SAM.gov opportunities results (we’ll scrape cards + follow details)

Make your SAM.gov crawl resilient with ProxiesAPI

SAM.gov is a high-value target, and high-value targets tend to rate-limit. ProxiesAPI helps keep pagination + detail fetches stable when you monitor many categories and run daily.

Get 1,000 free API calls View pricing

A note on SAM.gov (and a better alternative)

Before you scrape, check whether SAM.gov offers an official API for the data you need.

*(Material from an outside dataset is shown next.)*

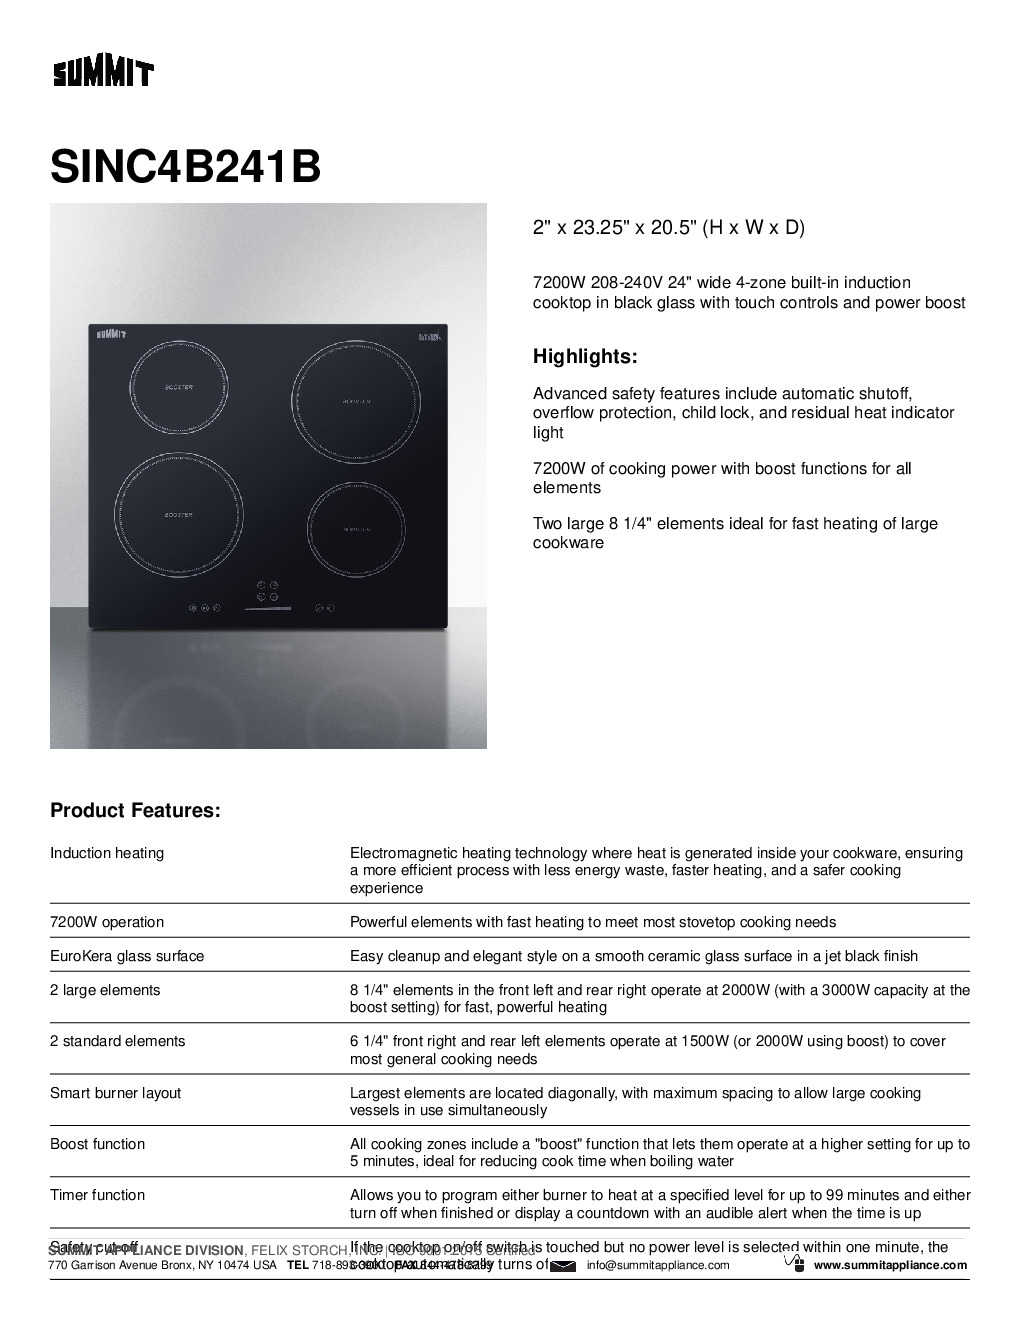 Summit SINC4B241B Built-In / Drop-In Induction Range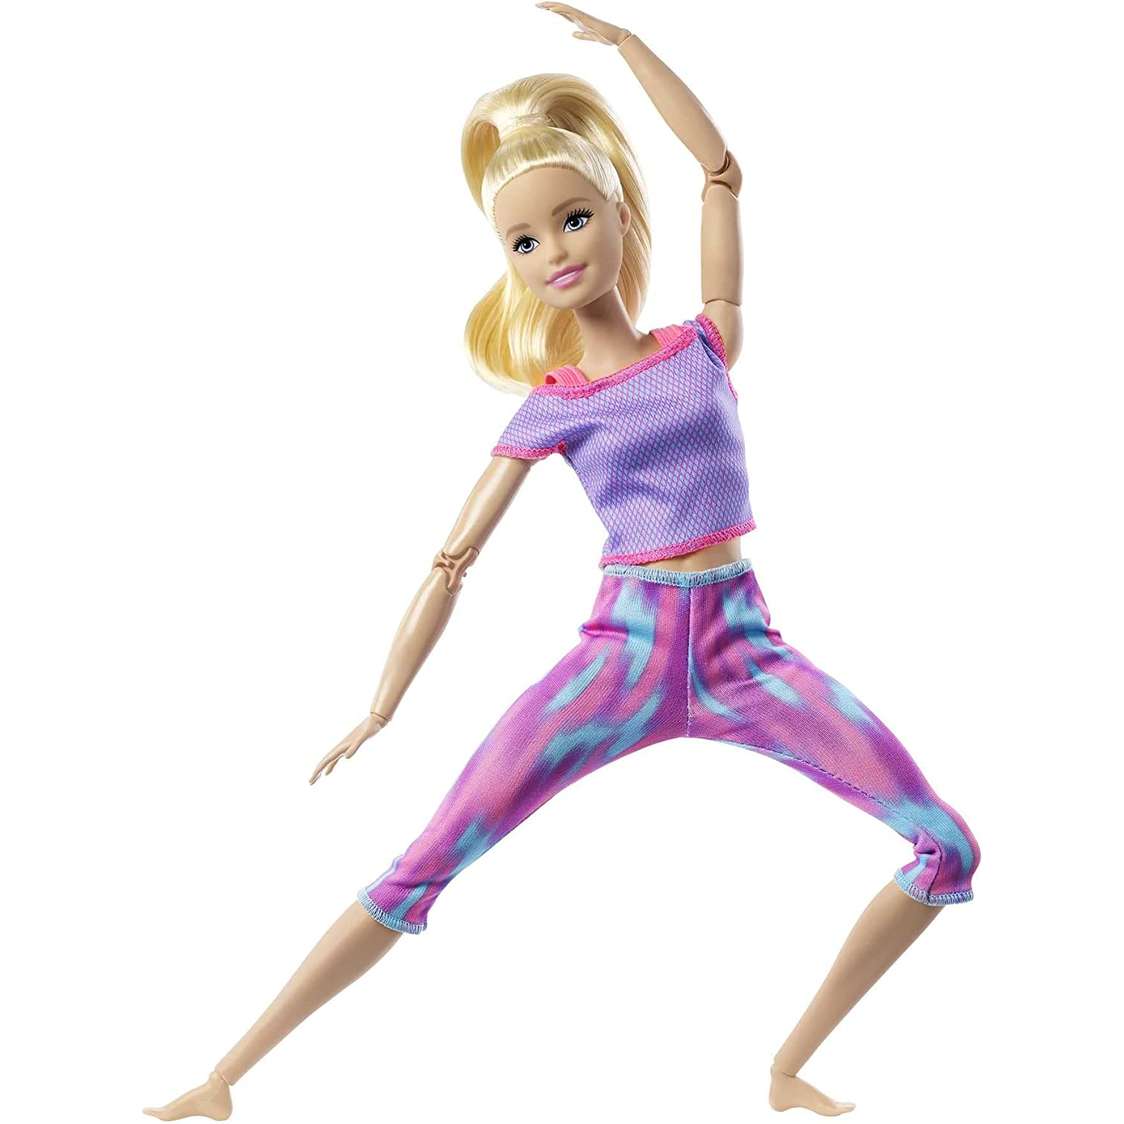 Barbie bionda snodata sport - Mago Biribago Giocattoli

If an official API exists and meets your requirements, use it. Scraping is best when:

the API doesn’t expose a field you need
you need the UI-only view
you want to verify data via rendered pages

This tutorial focuses on scraping HTML responsibly and defensively.

Setup

python3 -m venv .venv
source .venv/bin/activate
pip install requests beautifulsoup4 lxml tenacity pandas

Step 1: Build an HTTP client with retries + optional ProxiesAPI proxy

We’ll reuse the same pattern as other guides: a fetch() function that:

uses timeouts
retries on transient failures
optionally routes via ProxiesAPI

import os
import random
import time

import requests
from tenacity import retry, stop_after_attempt, wait_exponential, retry_if_exception_type

BASE = "https://sam.gov"
TIMEOUT = (10, 45)

USER_AGENTS = [
    "Mozilla/5.0 (Macintosh; Intel Mac OS X 10_15_7) AppleWebKit/537.36 (KHTML, like Gecko) Chrome/124.0 Safari/537.36",
    "Mozilla/5.0 (Windows NT 10.0; Win64; x64) AppleWebKit/537.36 (KHTML, like Gecko) Chrome/124.0 Safari/537.36",
]


class FetchError(Exception):
    pass


def proxiesapi_proxies() -> dict | None:
    proxy_url = os.getenv("PROXIESAPI_PROXY_URL")
    if not proxy_url:
        return None
    return {"http": proxy_url, "https": proxy_url}


session = requests.Session()


@retry(
    reraise=True,
    stop=stop_after_attempt(6),
    wait=wait_exponential(multiplier=1, min=1, max=30),
    retry=retry_if_exception_type((requests.RequestException, FetchError)),
)
def fetch(url: str, *, use_proxy: bool = False) -> str:
    headers = {
        "user-agent": random.choice(USER_AGENTS),
        "accept": "text/html,application/xhtml+xml,application/xml;q=0.9,*/*;q=0.8",
        "accept-language": "en-US,en;q=0.9",
    }
    proxies = proxiesapi_proxies() if use_proxy else None

    r = session.get(url, headers=headers, timeout=TIMEOUT, proxies=proxies)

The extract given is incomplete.